I tried hard to perform some installation and configuration steps after sysprep, I tried to change it from Packer’s shutdown_command to windows-restart provisioner step but I wasn’t able to overcome some errors. After a while I settled with a script I just copied to my Vagrant working environment directory and then ran it from initialized box where it appeared in c:\vagrant directory.

Sure I could do even better with full automation, but when things resist too much sometimes it’s good to step back, rethink the strategy and focus on quick wins.

Other options?

There are definitely more ways how to prepare Windows 10 box, or any Windows for that matter, with or without Packer, but even when we focus on Packer solutions there’s a wide spectrum of approaches. Some don’t bother to use sysprep.exe to generalize their installation – after all if it’s only for personal needs it really is not needed. People on GitHub seem to agree on using PowerShell as a Packer provider, but one of the solutions used no provider at all (all part of the build section). Also widen the search for other Windows versions and you’ll see much more variability.

Conclusion

Using Packer as a first step in the pipeline is very practical. You can prepare base image once and save a couple of hours any time you need a fresh environment (partially you can do the same with snapshots in VirtualBox, but it’s not the same).
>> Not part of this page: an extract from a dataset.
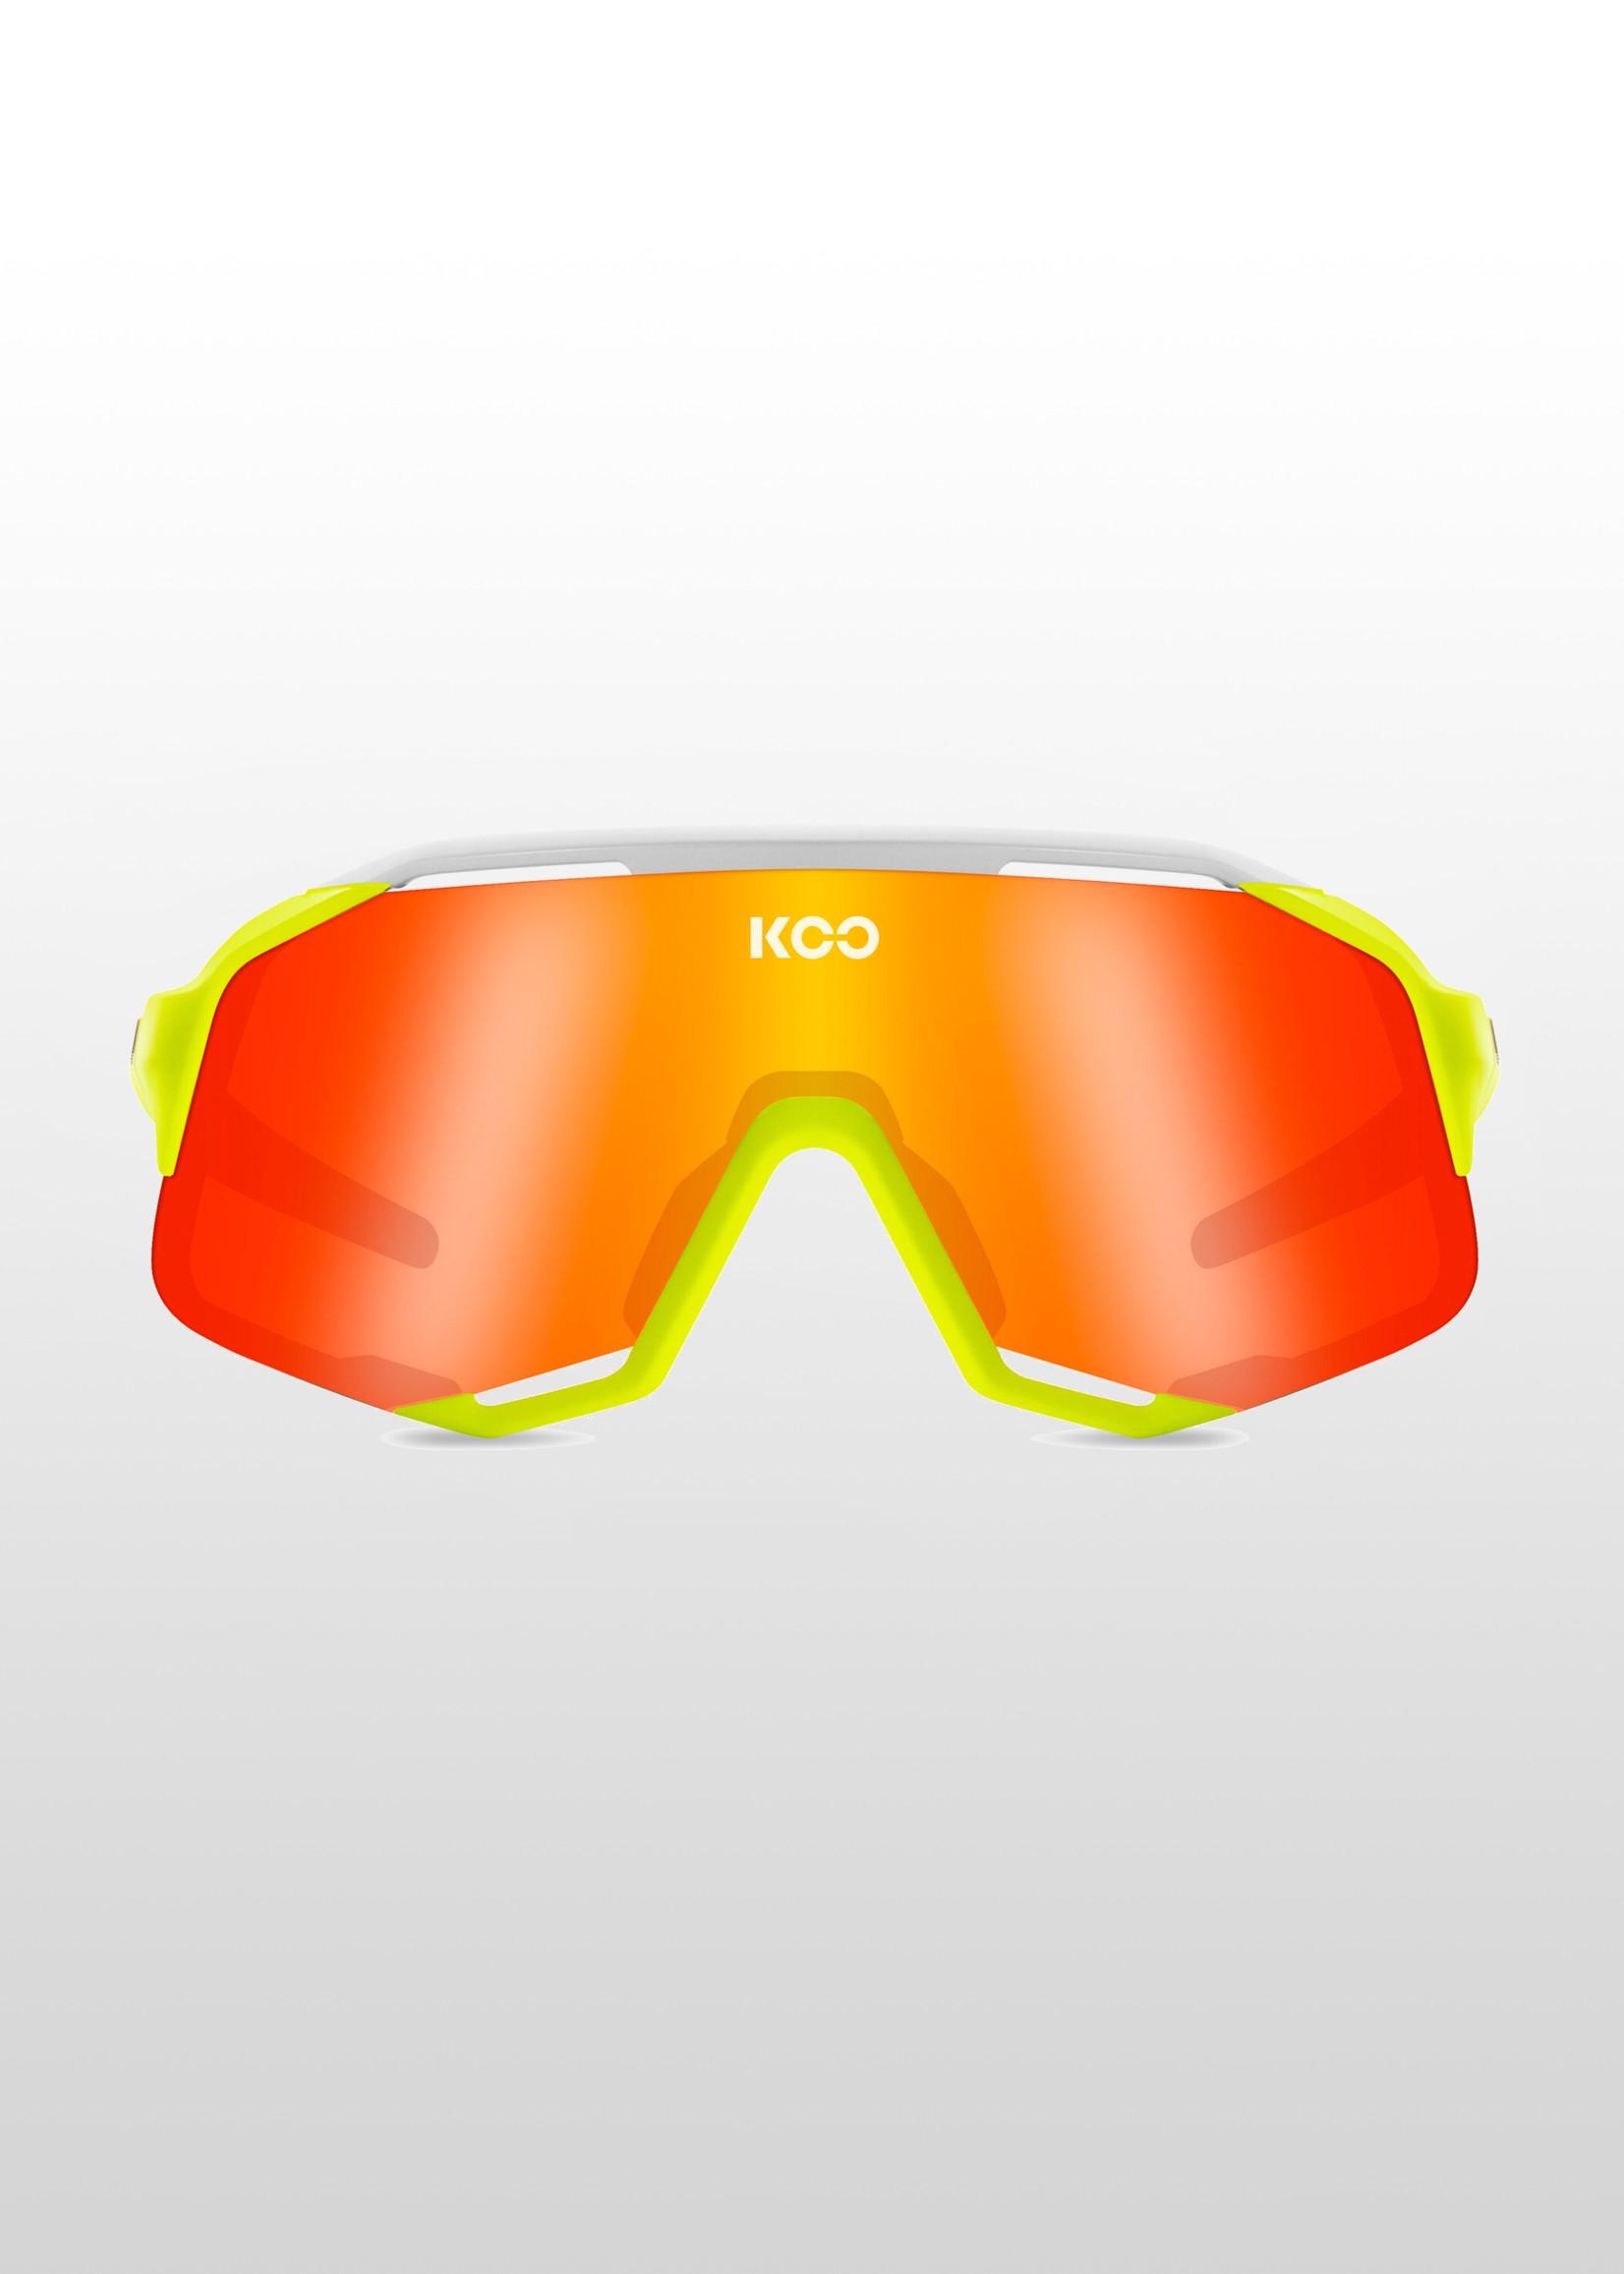 KOO Demos Sunglasses - Ltd Edition

I use Boxstarter in the process as recommended (although I’m not able to appreciate it fully) and Chocolatey to install/remove programs – during Packer steps and also anytime later. When my evaluation Windows runs out I simply refresh the packer image from ISO and I’m done for the next 90 or 180 days (depending on the OS version).

Following the installation enthusiasm I went on to install SQL Server 2014 Express from Chocolatey package, configure it using PowerShell bits and pieces found across many blogs and stackoverflow questions and wrote it down on GitHub. I actually got used to writing technical notes I may need later into these markdown files and it works very well for me. Now I have automation hiatus, but I’m sure I’ll get back to it and it’s good to find all the notes at hand, including unresolved problems and ideas.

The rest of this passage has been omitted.